The demand for advice on making ships more sustainable has increased exponentially in recent months. Private and public fleet owners, inland and maritime operators: they all seem to want to shift things up a gear and are proactively looking for cleaner ships to reduce their ecological footprint.

There is a growing urgency. European fleet owners in particular clearly want to be prepared for growing sustainability demands from customers, cargo owners and governments. We notice that the pressure is increasing in every way, just think of the stricter rules that are coming for shipping traffic in environmentally sensitive and protected areas. Public operators are playing an exemplary role in encouraging users of European waterways to ship greener. Due to the energy crisis and the rising prices for traditional energy sources, the price gap with the ordinarily more expensive alternative drive systems is also narrowing.

Update on alternative energy sources

Today, most ships still run on heavy fuel oil or marine gas oil. But in the foreseeable future, fleet owners might have several sustainable alternatives to choose from. The current focus is mainly on biodiesels, batteries and hydrogen, including ‘hydrogen carriers’ such as ammonia and methanol. Each of these alternatives has both potentials and handicaps. But a wider range of options also makes the choice more difficult. All the more so because many obstacles still have to be overcome before greener energy sources can form a fully-fledged alternative for the shipping sector.

Technology and logistics not yet mature

No alternative energy source is currently 100% technologically nor logistically mature. This makes it challenging for fleet owners to begin to focus on a given energy source, and difficult for governments to decide which production and distribution facilities should be developed on a massive scale. Large-scale production is currently not available for any alternative energy source, let alone large-scale distribution. Hydrogen is, for example, already being used as a raw material in the petrochemical industry, but the production volume is only a fraction of what would be needed if ships were to collectively switch to hydrogen. Moreover, they currently have no place to bunker the necessary quantities. Huge 'hydrogen factories' with electrolysers are needed to convert electrical power (electrons) into hydrogen (molecules). Development is currently fully underway in that area too.

What is green?

Not all green solutions are the same. In other words, not all alternative energy sources are equally green. Hydrogen, ammonia and methanol may be more environmentally friendly than diesel in terms of emissions, but if they are produced from petroleum, they continue to contribute to harmful emissions. The really green option here is hydrogen based on renewable energy, like wind, solar or other climate-friendly production techniques.

Storage limitations

Another factor to take into account when transitioning to an alternative energy source is the low energy density of these carriers compared to diesel. To put it very simply: with a full tank of diesel, you can propel a ship further than with any other energy source. Some are also more toxic (ammonia) or more explosive (hydrogen). This means that the alternative not only takes up more space on board, but also requires additional facilities for safe storage and use. In any case, this means reduced cargo volume on ships. The same goes for that other alternative energy source, batteries, which take up a lot of weight and space and also have to be recharged very regularly. Each of the alternative energy sources will therefore inevitably have an impact on the ships' operations.
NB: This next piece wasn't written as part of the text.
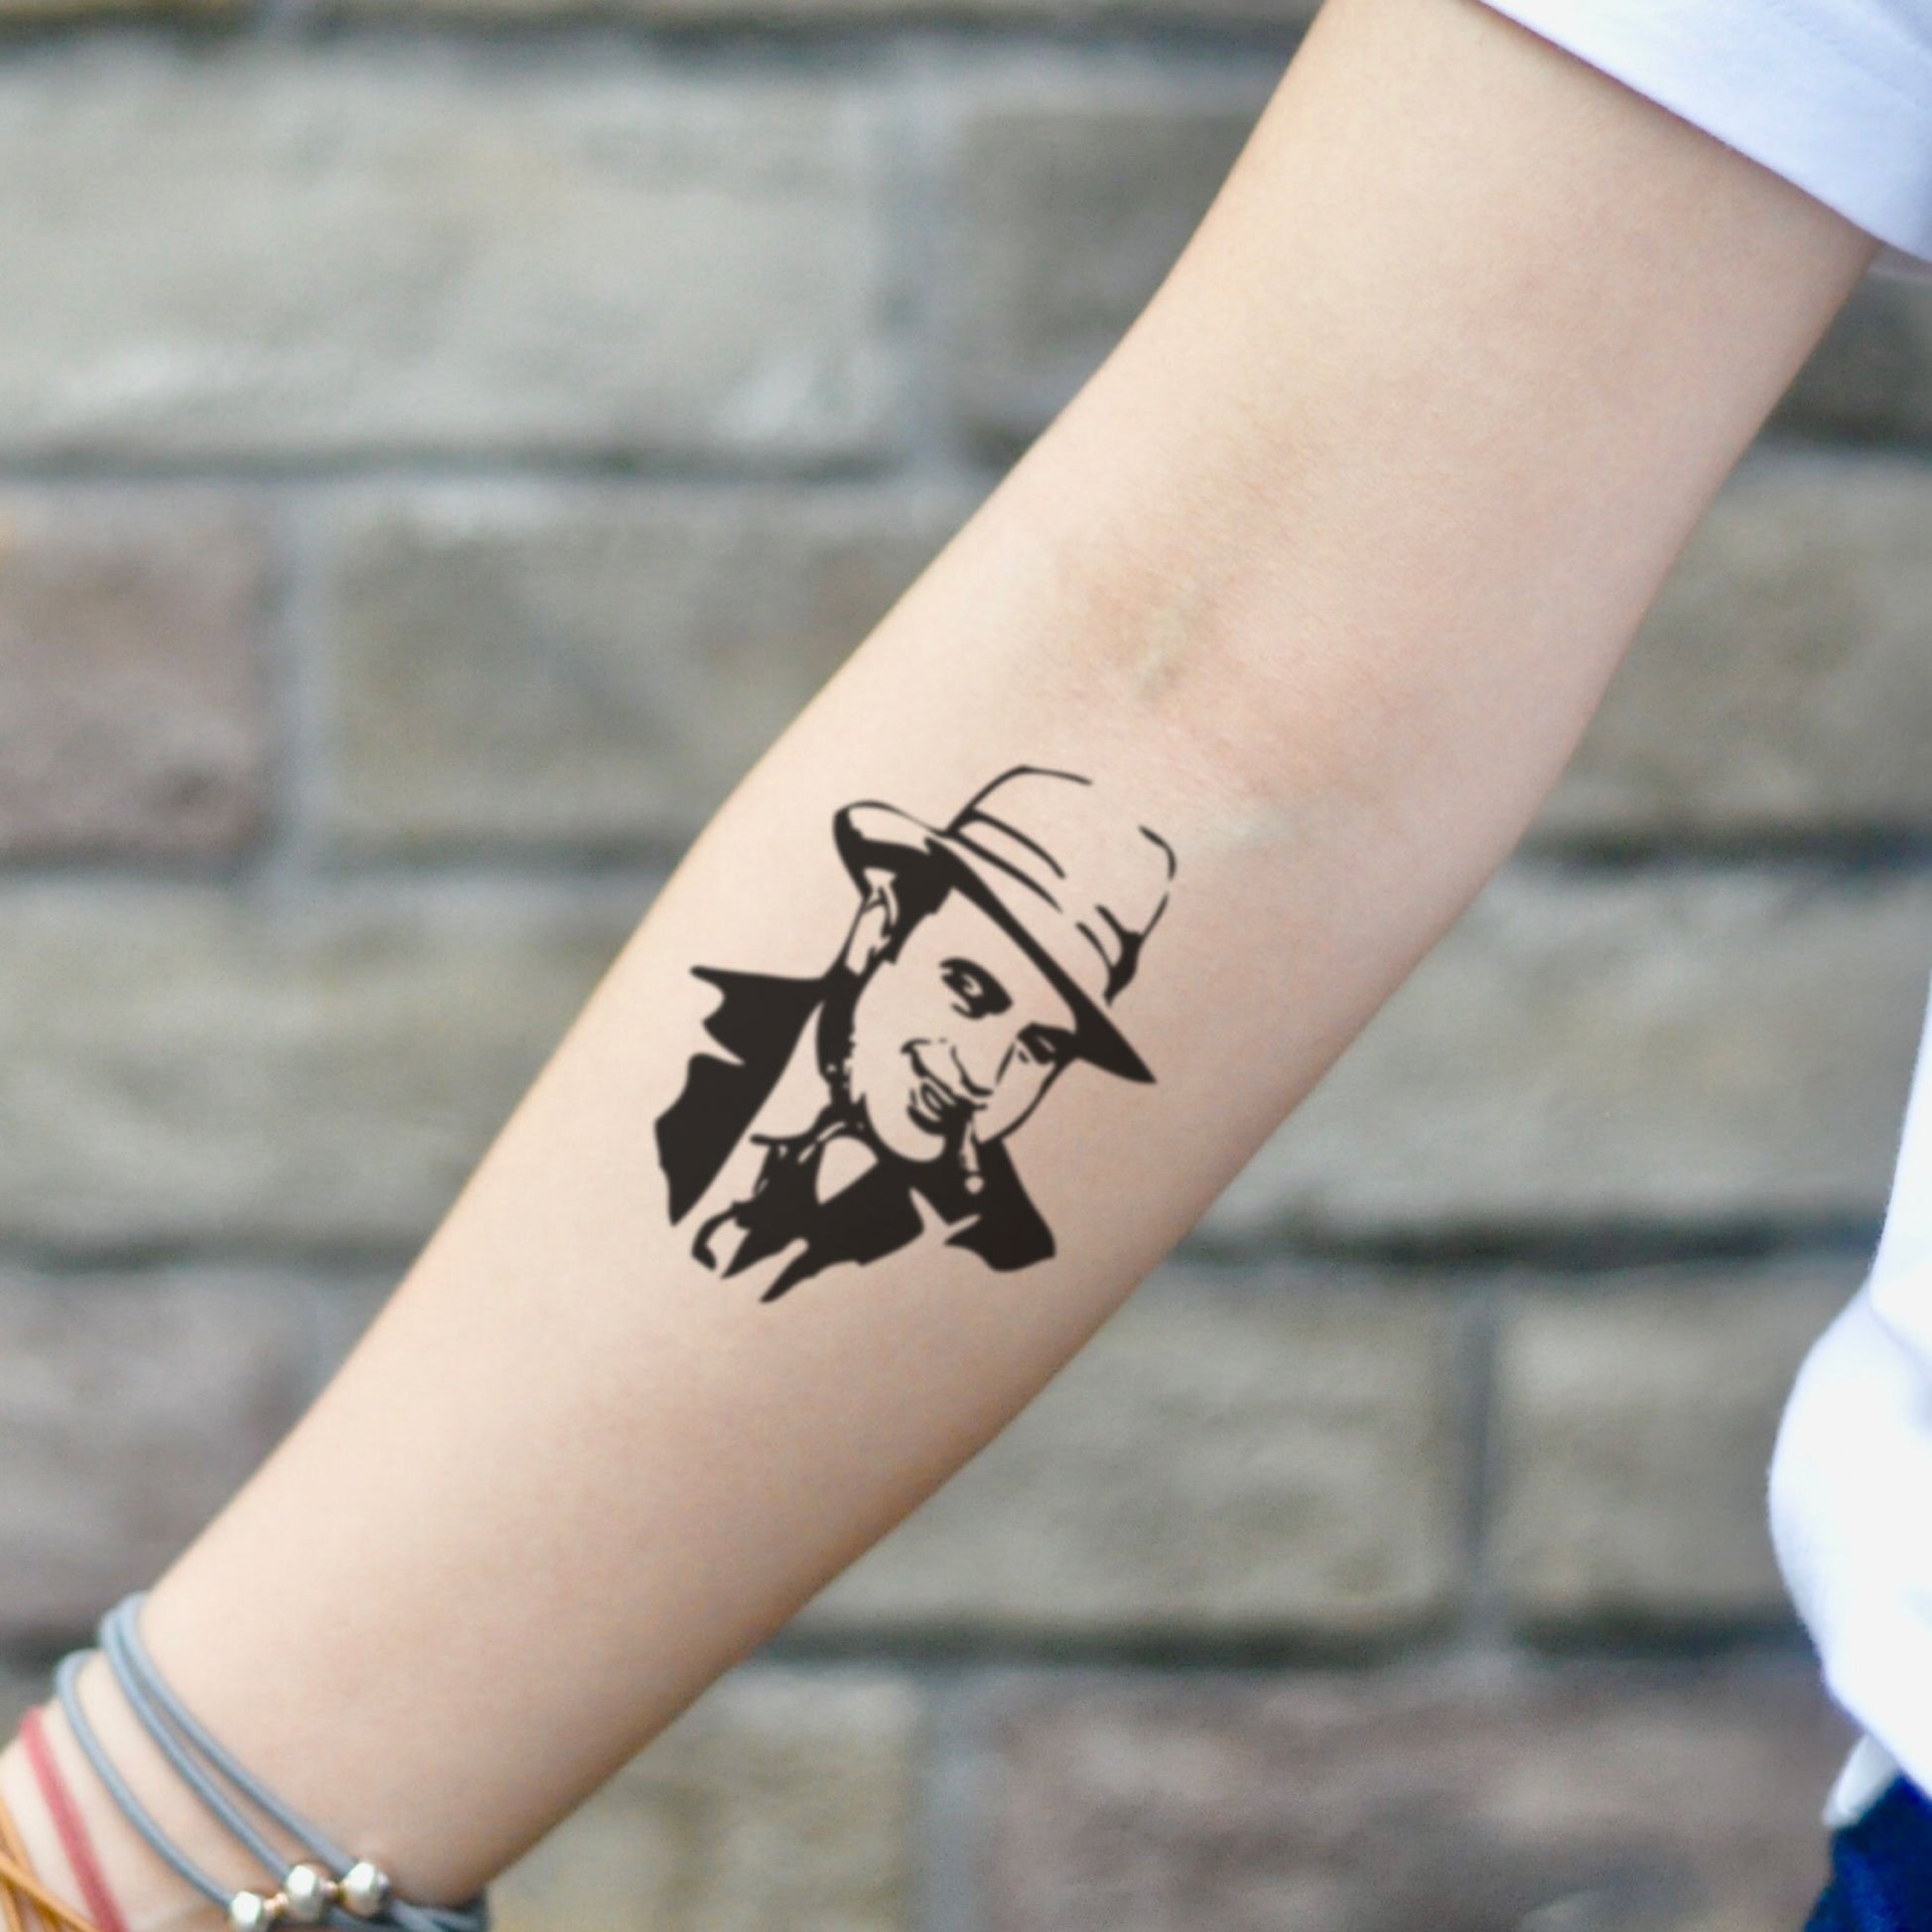 fake small al capone portrait temporary tattoo sticker design idea on inner arm

Source: "DNV-GL Report No.: 2019-0567, Rev. 3, dated 2019-07-05".

Impact on fuel systems

Fleet owners have to make choices in terms of energy carriers, but also about how the energy on board will be converted into propulsion power. Here, too, there are a number of options. For example, hydrogen can be injected into an internal combustion engine (ICE). However, to initiate the combustion process (unlike diesel, hydrogen does not ignite automatically under pressure), the diesel engine must then either be fitted with spark plugs or, along with the hydrogen, a small amount of diesel needs to be injected that serves as an ignition source (‘pilot fuel’).

As an alternative to ICEs, fuel cells can also be used, which convert hydrogen, ammonia or methanol into electrical energy based on an electrochemical process. This technology is already being used on a smaller scale in cars. The production of larger fuel cells is currently in the development phase. We are monitoring this closely, but it is not yet clear how they can be efficiently integrated into a ship and what risks they will entail.

Is hydrogen the future?

Hydrogen is expected to become the energy source of the future, either in its pure form or stored in ammonia or methanol. In order to increase the storage capacity, research is currently also being conducted into whether hydrogen can be stored in powder form or in porous materials. It must be taken into account that additional steps and components will be required to inject the hydrogen into the carrier and to extract it again later.

We believe that many ships will evolve towards hybrid systems. For example, we see that more and more vessels are being equipped with electric motors and batteries, in combination with another energy source that generates electricity. The combination of diesel and hydrogen systems is also possible.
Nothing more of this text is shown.